ABOUT THIS TASK: Could you transcribe all of the data exactly and skip any pictures?

INFORMATION SHOWN:

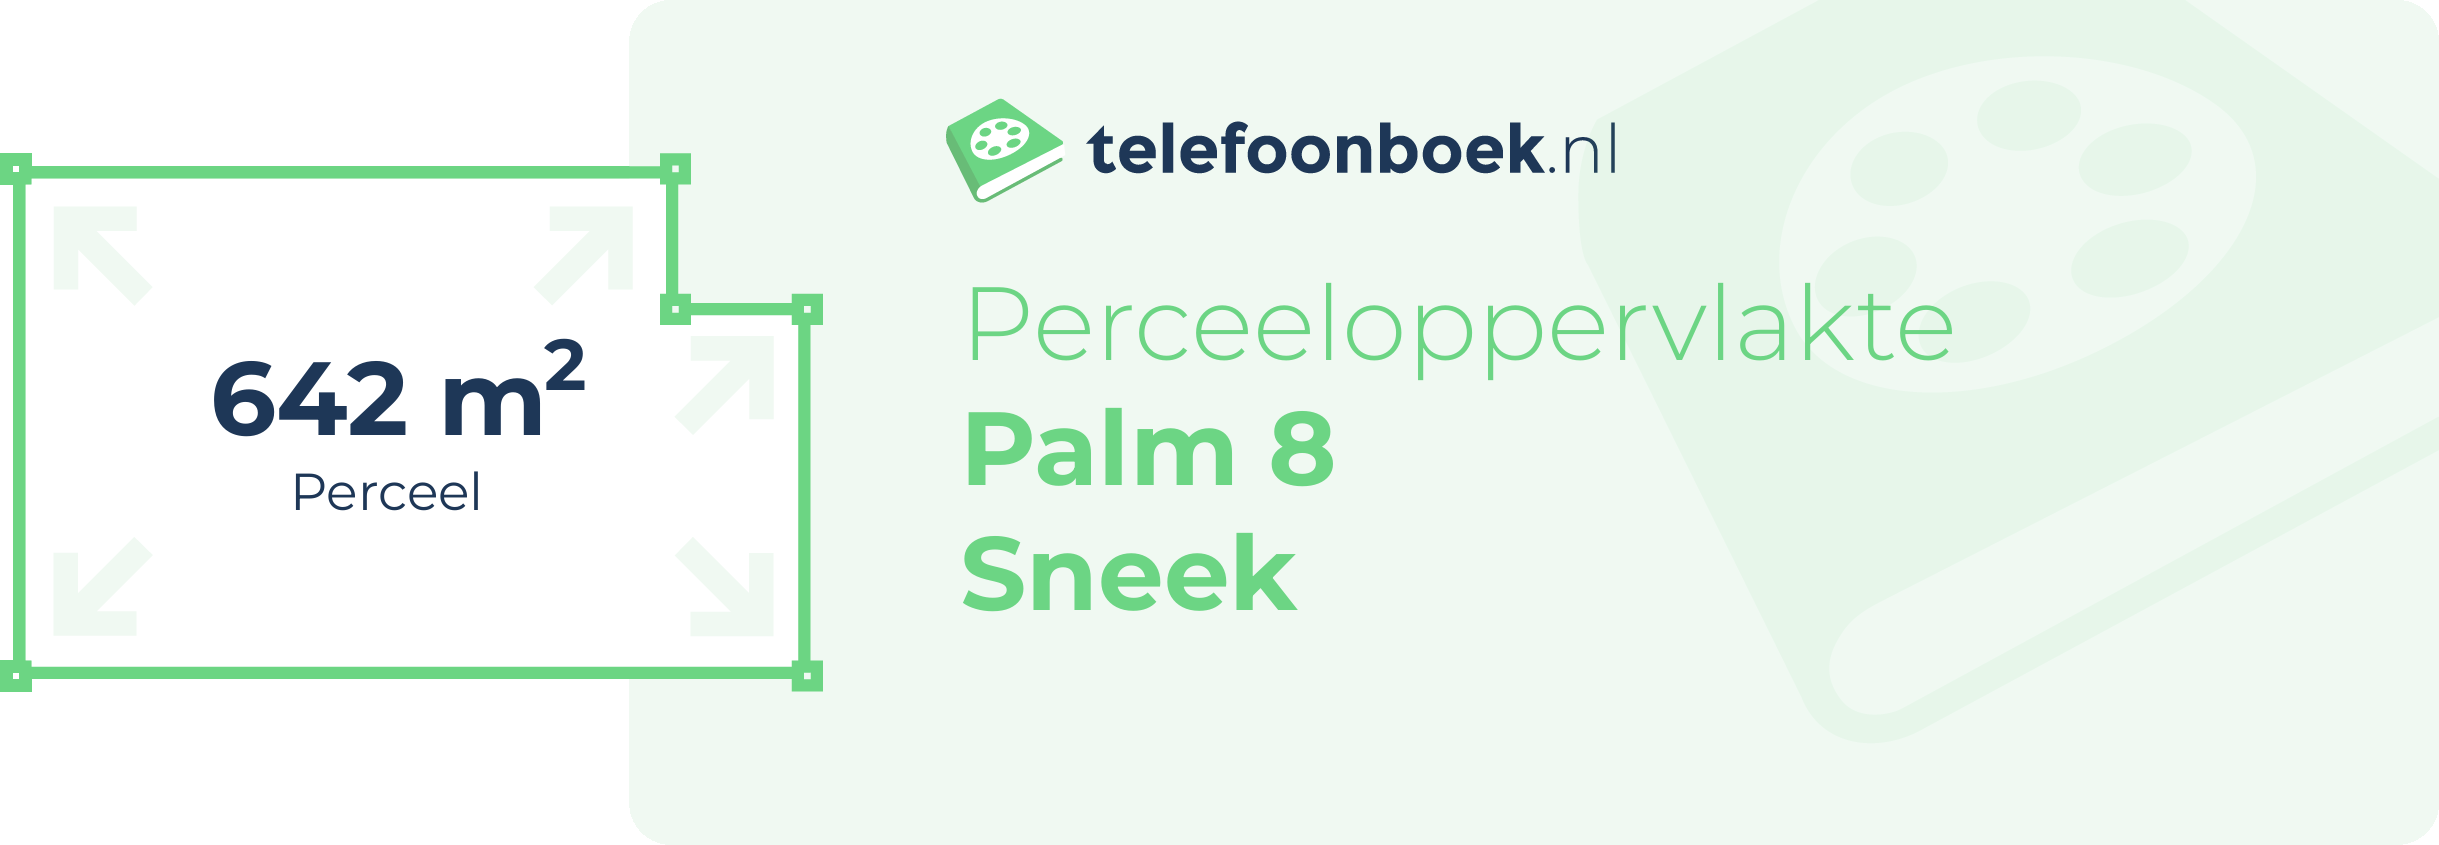 Perceeloppervlakte Palm 8 Sneek
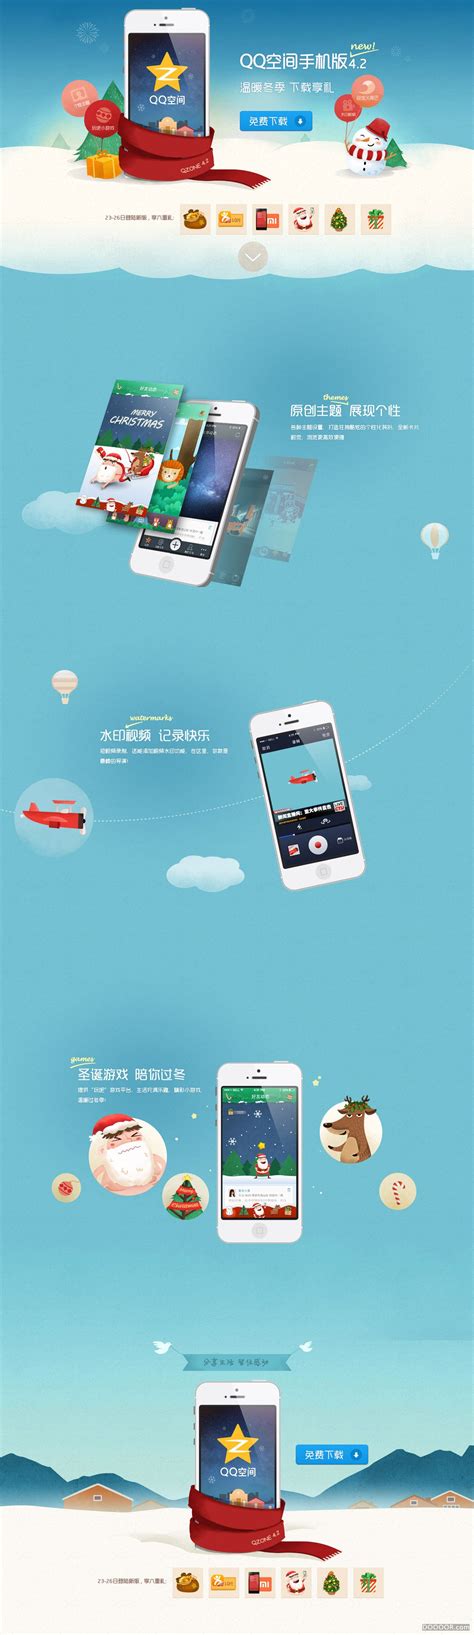 QQ空间手机版宣传页设计欣赏
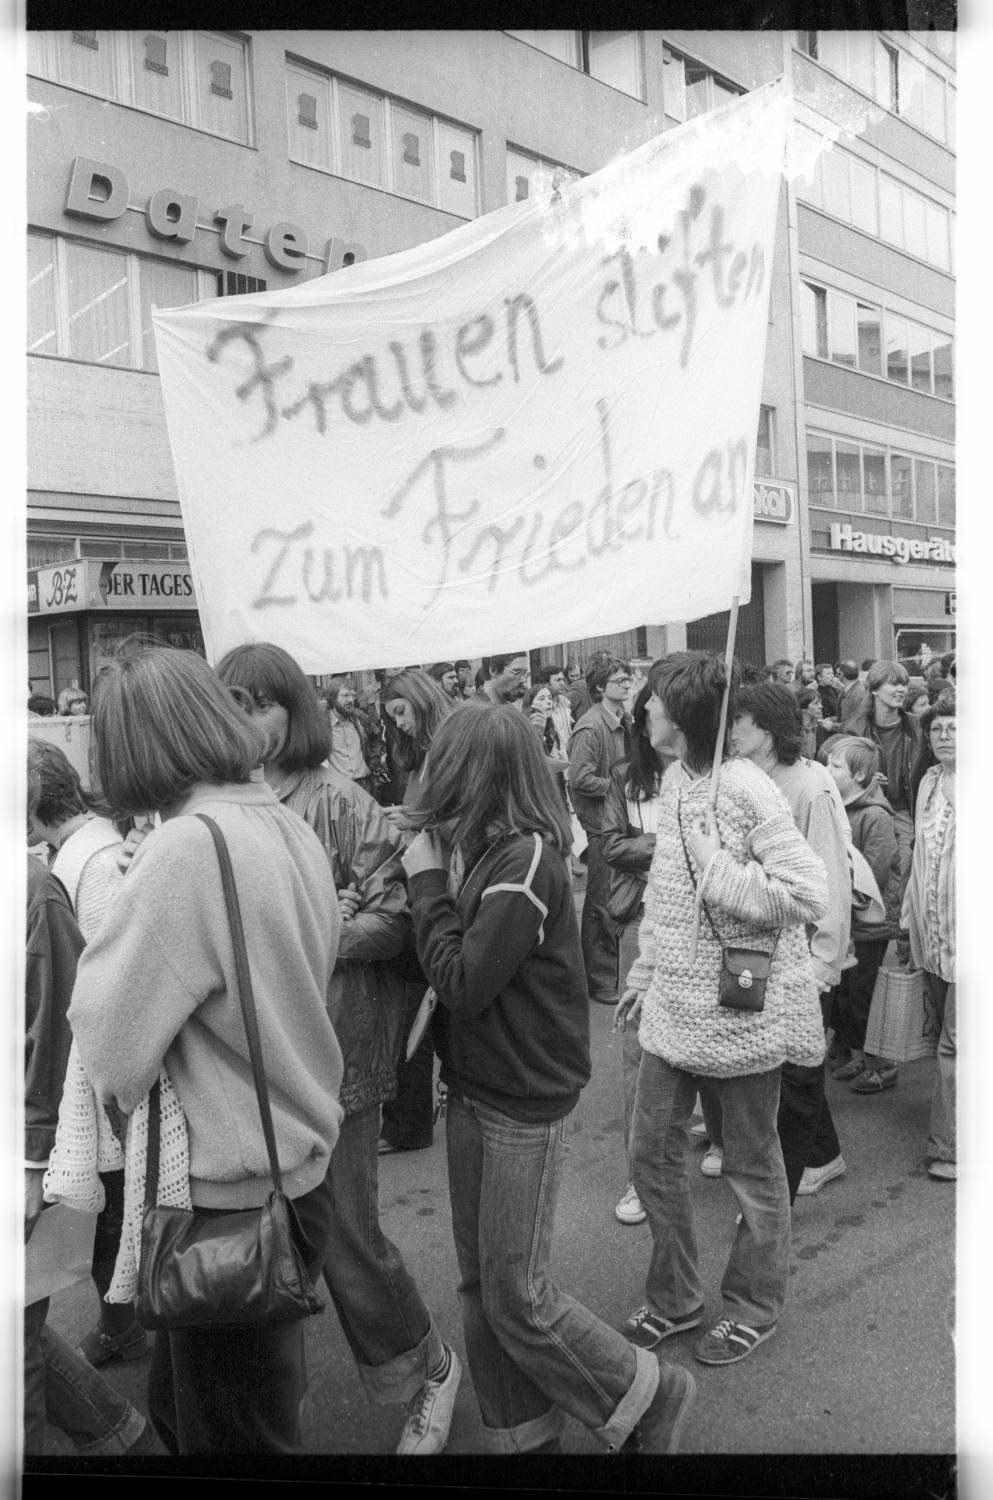 Kleinbildnegative: Friedensdemonstration, Wittenbergplatz, 1980 (Museen Tempelhof-Schöneberg/Jürgen Henschel RR-F)

TASK RESULT:
 Perceeloppervlakte Palm 8 Sneek
 QQ空间手机版宣传页设计欣赏
 Kleinbildnegative: Friedensdemonstration, Wittenbergplatz, 1980 (Museen Tempelhof-Schöneberg/Jürgen Henschel RR-F)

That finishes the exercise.